If you ask me, when it comes to tell what I want to say or ask for what I really want to someone is really difficult. I am like always make sure that I won't hurt his/her feelings when I say something or do something or even when I ask something but then I ended up getting hurt just because I tried not to hurt people's feelings. This is why most of the time I won't be saying what is in my mind and I usually try to say things that people always yearn for..
So literally that's how I am now..being without any sort of communications, I asked for it and I shall ride it :)
It seems tough initially, but I am learning on how to survive without it . There is so many thoughts running in my mind with the question WHAT IF...? Well than I realize decision have been taken and its for my own good because Sometimes the fear is just of making a decision, because what if you're wrong? What if you make a mistake you can't undo? Whatever it is were afraid, one thing holds true. That by the time the pain of not doing the thing gets worse than the fear of doing it. .

-Kausy
-got to continue doing the report -.-

June 09, 2012

"We're supposed to end up together, we're meant to be





I just love the way Lexie expressed her love to Mark :
Season 8 episode 22 :

I love you
ohh god..
oh my god that just came,
I do, I just love you and
I have been trying not to say it
I have been trying so hard to just mash it down and ignore it and not saying it and Jackson is a great guy, he is.
He is gorgeous and he is younger than you,
He isnt having any grandkids or babies with his lesbians BFF's and he is an Ivory and he likes me,you know he really likes me but its never gonna work out because I love you and I am so in love with you.You are in me.
It's like you're a disease.
It's like I have been infected by you Mark Sloan.
I just can't think about anything or anybody and I cant sleep,I can't breathe, I cant eat, and I love you, I love you all the time every minute of every day and I and I love you.. Oh god that feels so good to say that and I feel so much better, I love you Mark..

p/s: this is fun -writing down the dialogue from the movie clip. heeeeee



-Kausy
-Still thinking whether I should watch last episode of season8
if i do, its really gonna break my heart :(
Helooooooooooo to those who reads my blog :)

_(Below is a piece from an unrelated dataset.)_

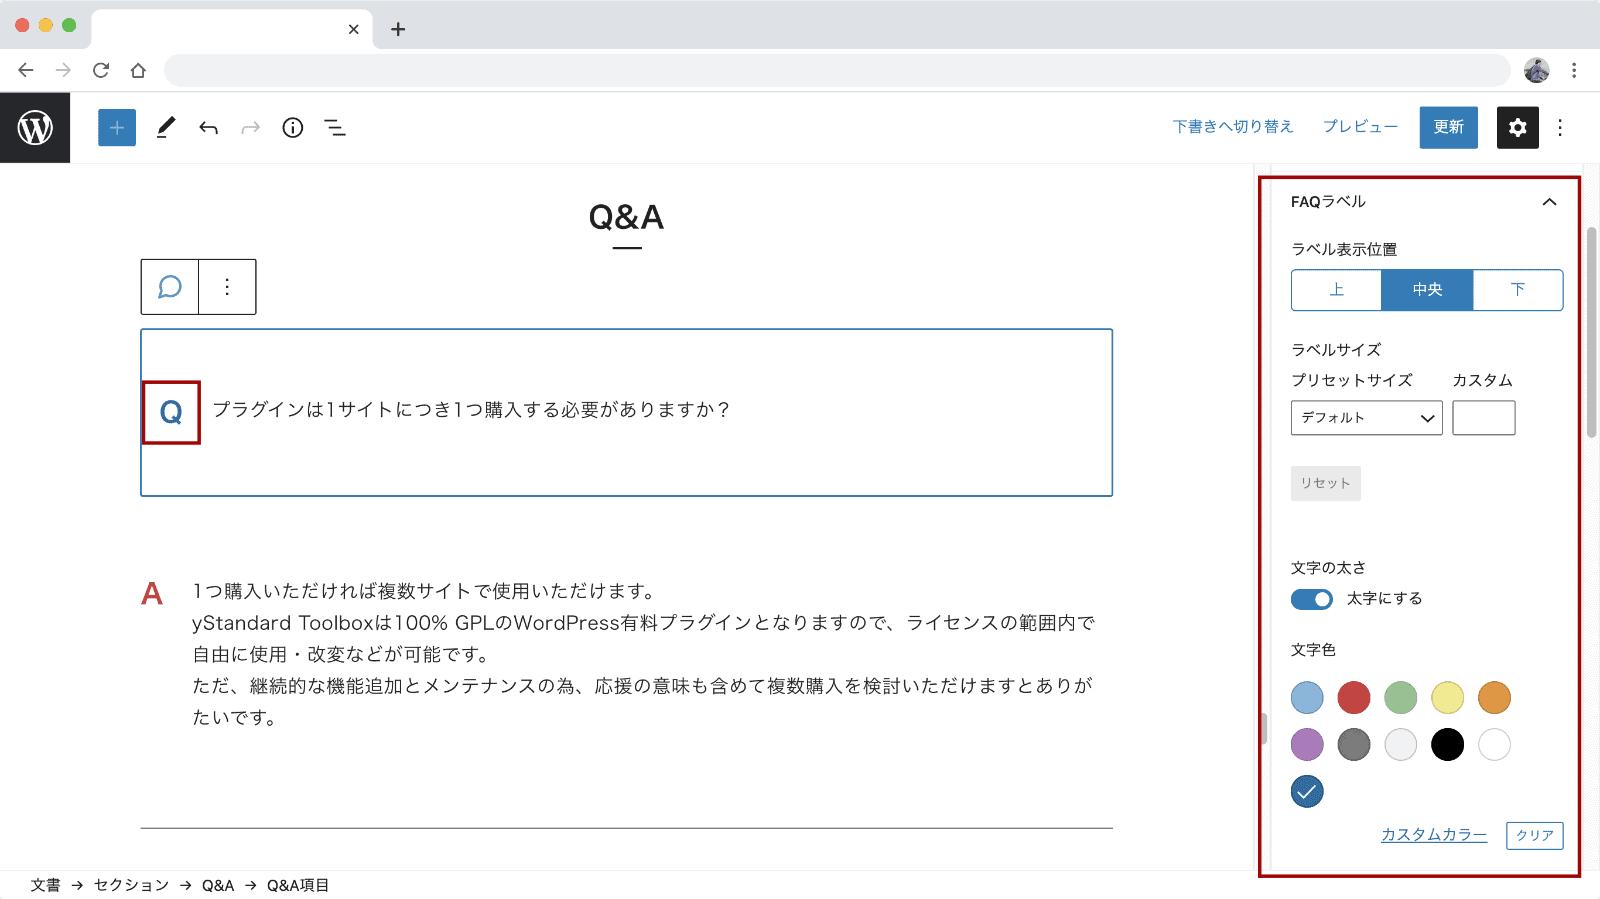 FAQラベルのデザイン設定

 GOOD NEWS :) I passed my last semester but with not very satisfying results.Well UTAR is full with surprises and Everyone knows that. #LOL
So yeah, am in Year3 semester 1 now and taking 5 subjects this semester ( Microbiology, Neurobiology, Virology, Clinical Biochemistry and IPC), freaking packed with classes every single day. Talking about time I think 24hrs is not enough!! It should be 48hours a day-this would be nice. Sadly its all early morning classes which makes me look like a zombie every freaking morning.. So far 2weeks had passed and nxt week is week 3 and I still have 3 lab reports to do..nope, I am not going to complaint as I LOVE TO DO REPORTS ( creating positive thinking) hahahaha.. Well anyways I think I won't be updating my blog much but Still I hope I'll update at least twice in this month :))


-Kausy
-weekends in IPOH  with parents  <3

May 10, 2012

I am not afraid of you anymore!



One of the best motivating piece that I follow :

"Behind me is infinite power, before me is endless possibility,

around me is boundless opportunity. Strength is mental,

physical and spiritual"




-Kausy
-the war between me and finals came to an end today.